Wengang Town (文港镇) is a town in Jinxian County, in the east of Jiangxi Province.

The township is known for their brush pen industry, being called "The Capital of Brush Pen in China".

==Characteristics==

Zhoufang, a village of Wengang, has several buildings from Ming and Qing dynasty. In 2024, the population was 60,000.

==Economy==

Wengang has been producing brush pens for more than 1,600 years. The craft has been passed through generations, but during the 80s there was a decline in popularity due the proliferation of low-quality, mass produced pens. The rise of e-commerce was important for the recovery of the pen industry. In the 2000s, the Township boosted their production to attract tourists. In 2021, their techniques were listed as a national intangible cultural heritage in China.

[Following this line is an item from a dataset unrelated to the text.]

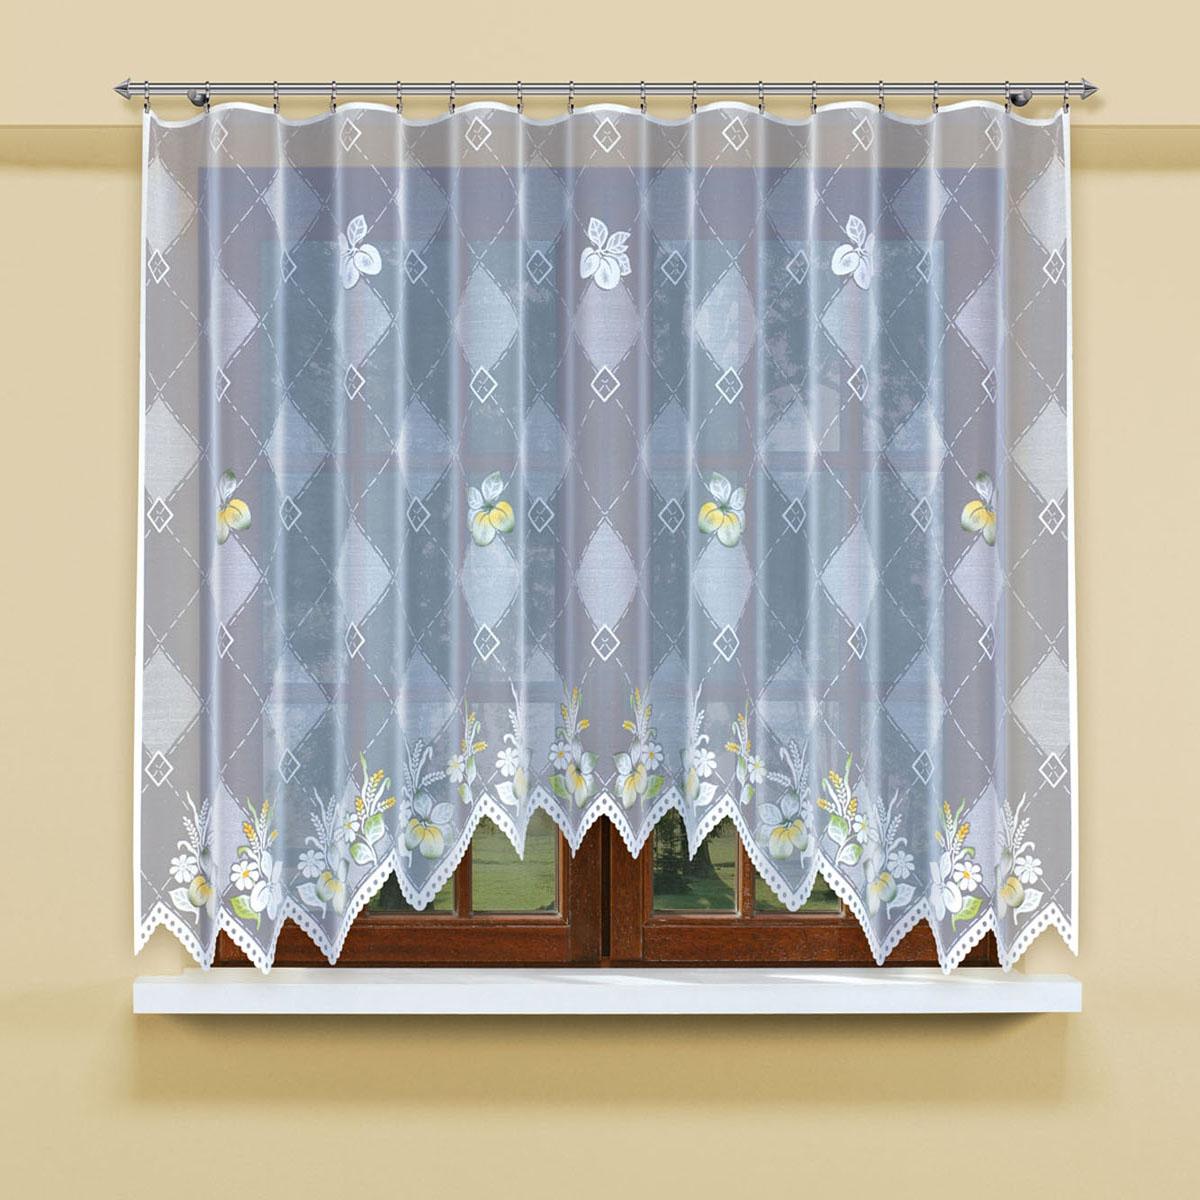 Гардина Haft, цвет: белый, ширина 300 см, высота 160 см. 206900/160206900/160Гардина-арка из жаккардовой ткани, выполненная в белом цвете с чередующимся по тону ромбическим узором и крашенным рисунком цветов Размеры: высота 160 см*ширина 300см
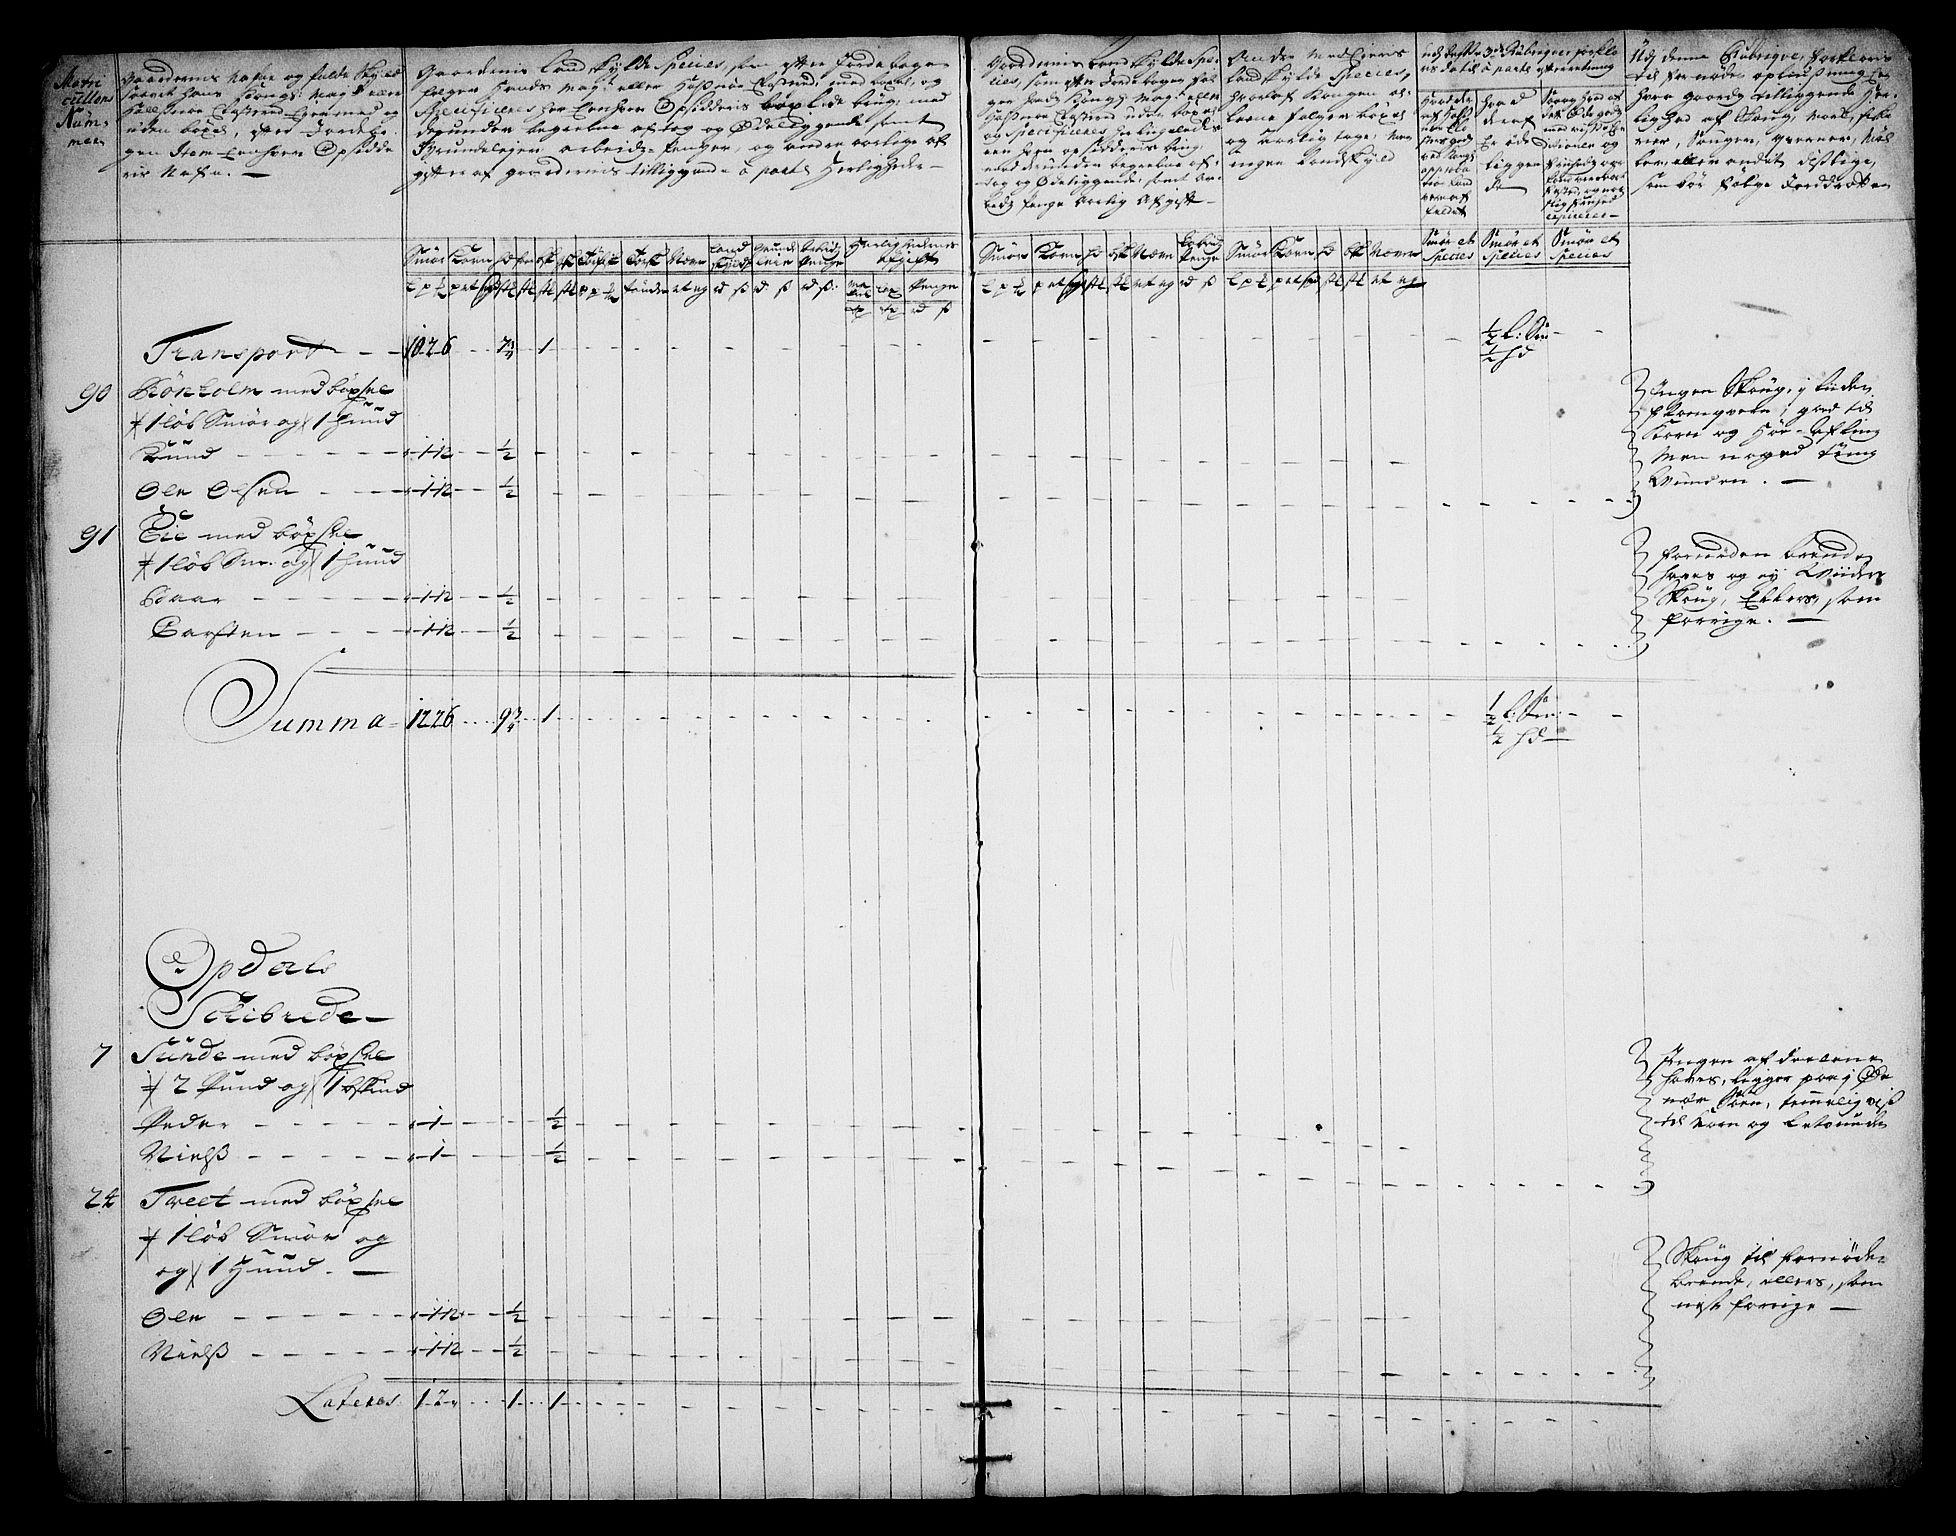 RA, Rentekammeret inntil 1814, Realistisk ordnet avdeling, On/L0003: [Jj 4]: Kommisjonsforretning over Vilhelm Hanssøns forpaktning av Halsnøy klosters gods, 1721-1729, s. 197

In 2024, there were 400 companies and 2,200 workshops dedicated to calligraphy and half of the Township was employed in the industry. In 2023, the sales revenue of the Township was of ¥ 8.25 billion. In 2023, the Township received 82,000 tourists.

The Township is also known for producing counterfeit pens from famous brands, including Parker Pens and Montblanc.